End of story, right? Well... yes and no. Twitter's decision allows me to Tweet again. That's happy news; or, to use the vernacular of social media, *happy* news. But there are plenty of things that it does not do, some of which have set awkward precedents. Twitter has not yet explained how exactly the tweet that led to my suspension is supposed to have broken its "privacy policy," which forbids users from posting "private email addresses" but says nothing about corporate email addresses, which is what I had actually shared.

It has not explained how its decision to suspend me can be squared with a clause in its own privacy policy which states that: "If information was previously posted or displayed elsewhere on the internet prior to being put on Twitter, it is not a violation" of the company's terms of service.
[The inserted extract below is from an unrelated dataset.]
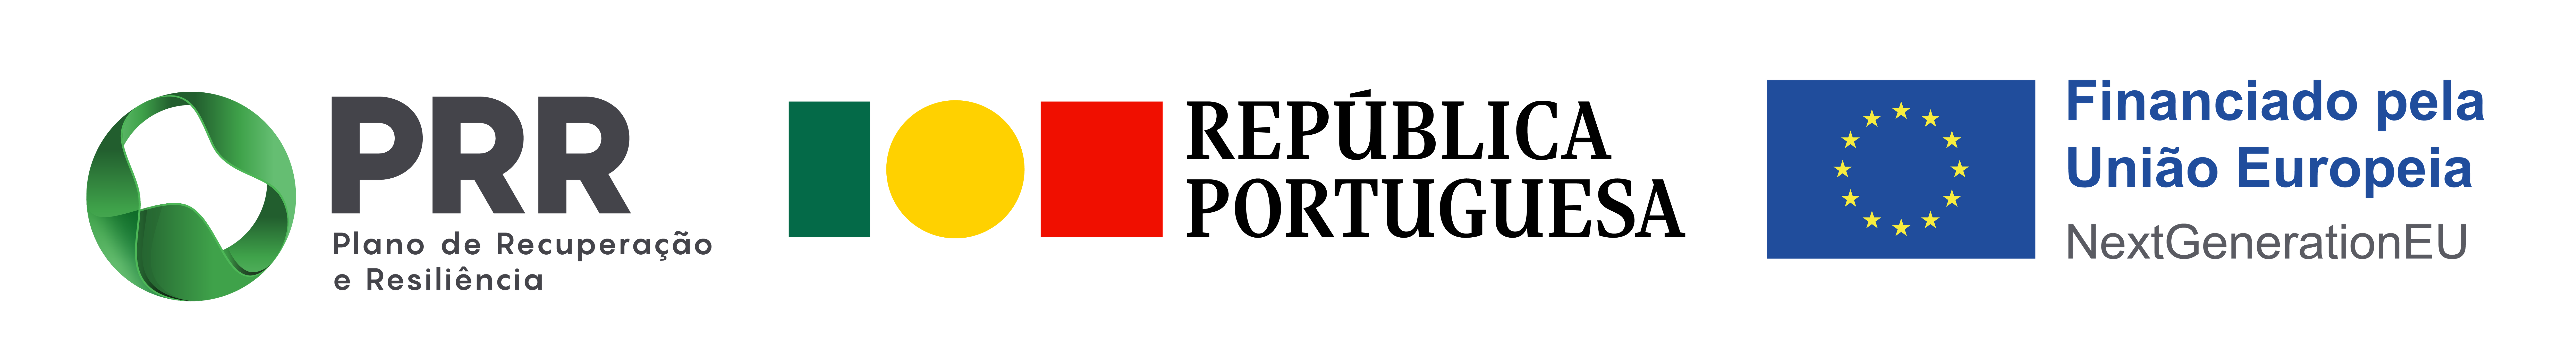 barra logotipos PRR - Recuperar Portugal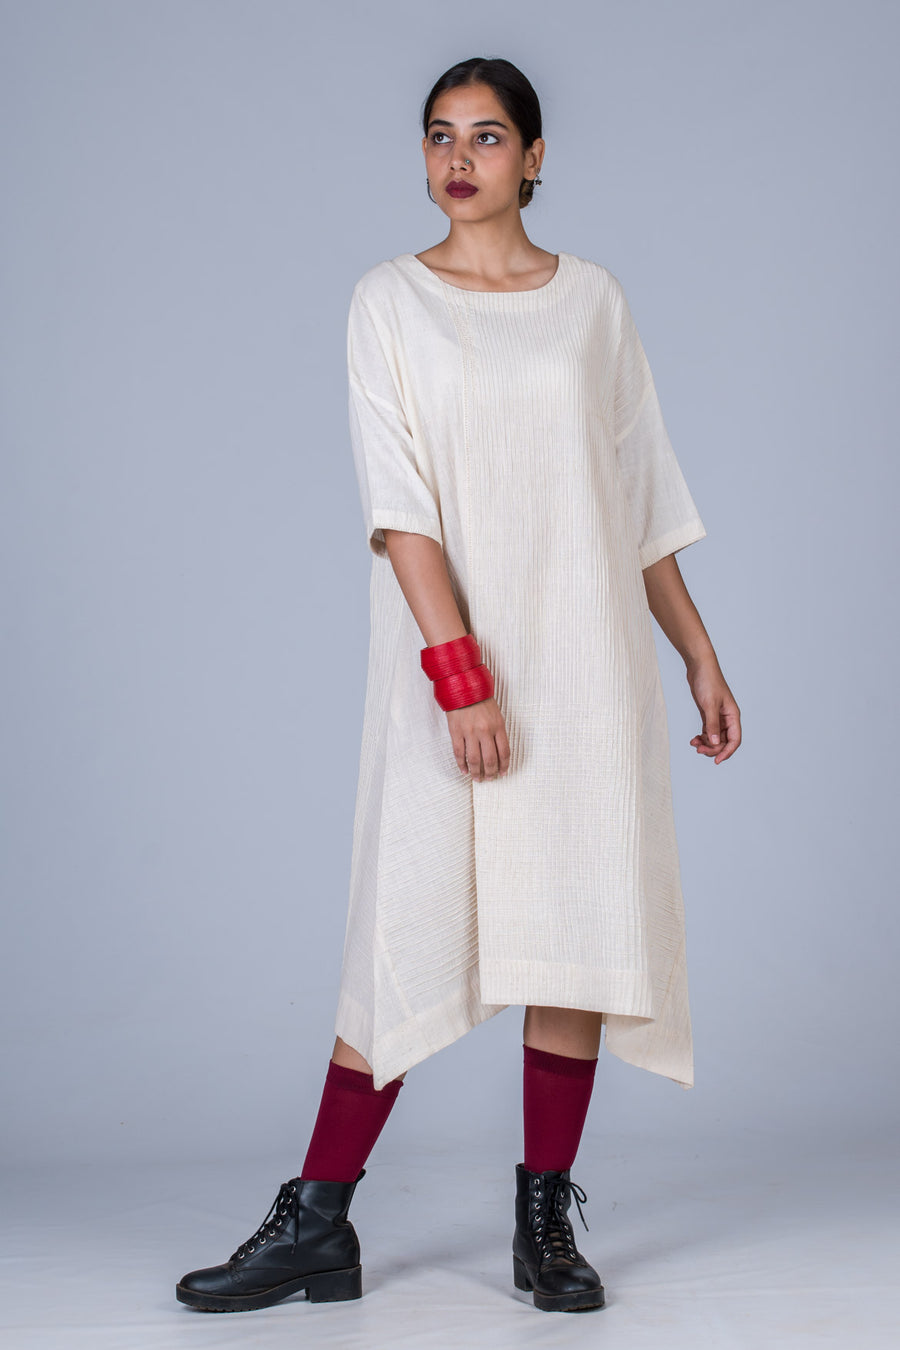 Off White Desi Cotton Dress - KARL - Upasana Design Studio

The email address of Gary Zenkel, the NBC executive at the heart of this affair, was posted on a blog established in 2011 by a group urging supporters to "boycott NBC"/. I found it there, prior to sending out Friday's offending tweet, in roughly 30 seconds via Google. Did Twitter's "trust and safety" department simply forget about its own rules when dealing with the complaint that led to my suspension? Or did it wilfully ignore them? We don't yet know.

There are wider issues at play. The company has yet to properly address growing suspicions that its decision to suspend my account was motivated by a business relationship with NBC. The firms are running a cross-promotion throughout the Olympics. Was that why it chose to ignore its own rules?

Yesterday, the website, which is supposedly dedicated to the democratic flow of conversation, did admit it had actually contacted its corporate partner urging it to complain so that my account could be shut down in the first place. A mea culpa on its blog said last night: "We want to apologise for the part of this story we did mess up. The team working closely with NBC around our Olympics partnership did proactively identify a tweet that was in violation of the Twitter rules and encouraged them to file a support ticket with our trust and safety team to report the violation... Our trust and safety team did not know that part of the story and acted on the report as they would any other. We do not proactively report or remove content on behalf of other users no matter who they are.

"This behaviour is not acceptable and undermines the trust our users have in us. We should not and cannot be in the business of proactively monitoring and flagging content, no matter who the user is – whether a business partner, celebrity or friend... we will actively work to ensure this does not happen again."

MIA

In May 2010, the rapper, left, took revenge on journalist Lynn Hirschberg – who wrote an unflattering profile of her in the 'New York Times' magazine –

by posting her phone number on Twitter and suggesting her many thousands of fans call the author to talk about "the NYT truth issue". MIA was not chastised by Twitter, reportedly because Hirschberg did not press the issue.

Spike Lee

In March, the film director, right – who has more than 320,000 Twitter followers – retweeted a Florida address which was said to be that of George Zimmerman, the man accused of fatally shooting 17-year-old Trayvon Martin. It turned out to be the address of an elderly couple who were forced to flee. He apologised and reportedly settled with the couple, but was not suspended.

Roseanne Barr

The American comedienne, above, followed in Mr Lee's footsteps – but this time successfully tweeted Zimmerman's parents' address. She swiftly deleted the tweet under a shower of criticism from many of her followers (numbering more than 100,000) – but again was not suspended from the site.

Barbra Streisand

The singer's row over the online publication of photographs of her Malibu home may not have played out on Twitter, but it did coin a term – "the Streisand effect" – which is now commonly seen across social networks. In 2003, attempts by Streisand, below, to get the pictures taken down resulted in them going viral and ended up drawing more attention to the images.